Since all `VITE_` prefixed variables are embedded in the compiled JS bundle, the encryption key is public. Any XSS or extension can use it to decrypt localStorage entries (accessToken, refreshToken, sessionId).

**Impact**: Renders the encrypt-storage wrapper useless. Combined with F5, XSS can trivially extract plaintext tokens.
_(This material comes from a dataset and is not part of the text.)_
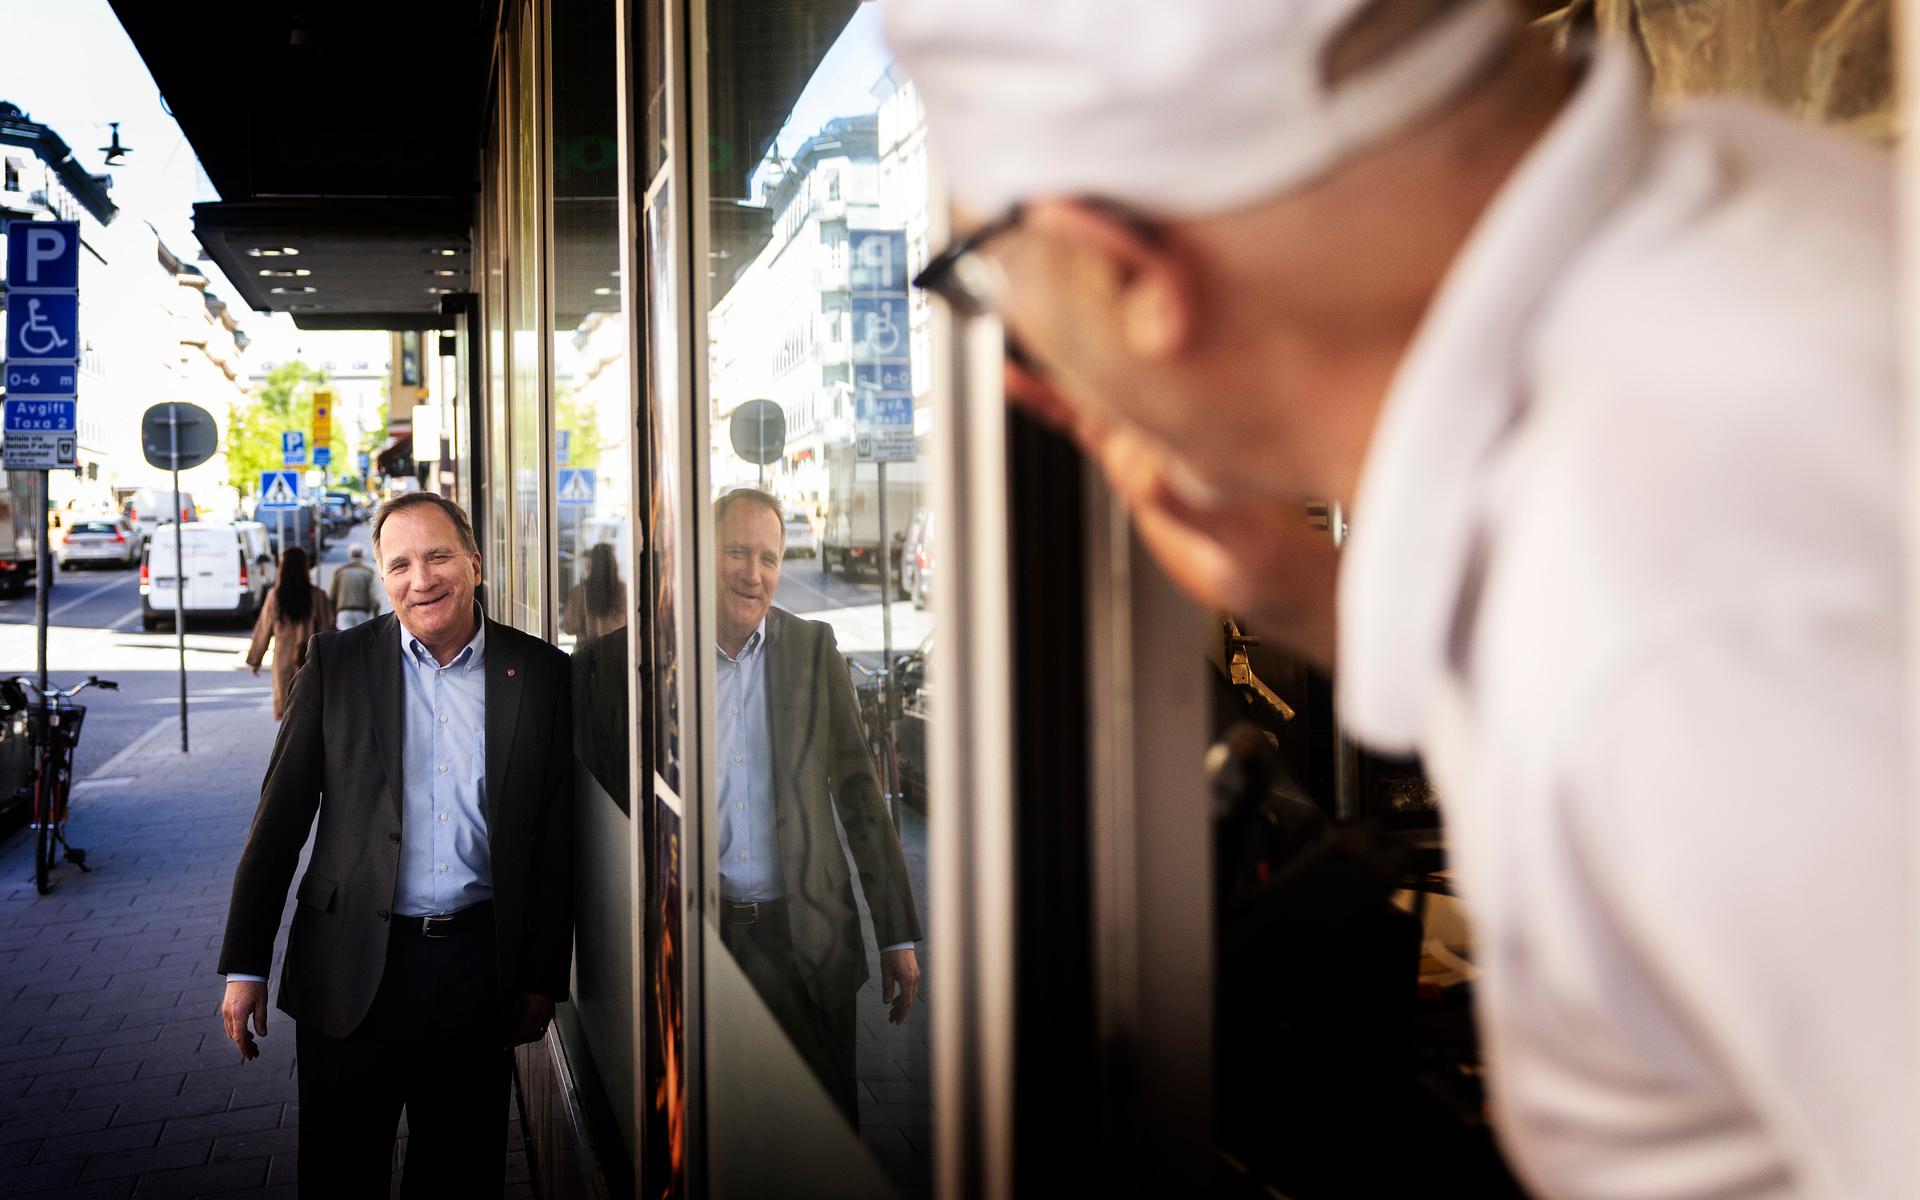 ”Är du tillbaka på jobbet?” frågar bagaren när han ser före detta statsminister Stefan Löfven (S) i centrala Stockholm. Löfven byter nu fot i Natofrågan.

**Fix**: Accept that client-side "encryption" of localStorage provides no real security against XSS. Focus on preventing XSS (F5) and use HttpOnly cookies for tokens where possible.

---

### F7 — document.domain Relaxation (ID 26)
**Severity**: MEDIUM | **Confidence**: MEDIUM | **CWE-284**

**Location**: `src/pages/dashboard/documents/LaComerDocuments.tsx:72-73`

```typescript
script.innerHTML =
  'try {document.domain = "lacomer.com.mx"; document = "lacomer.com.mx"} catch (ex) {}';
```

Sets `document.domain` to a parent domain, relaxing Same-Origin Policy so any `*.lacomer.com.mx` subdomain can access the Humand app's DOM.

**Impact**: Any XSS on any lacomer.com.mx subdomain could pivot to access Humand tokens and user data.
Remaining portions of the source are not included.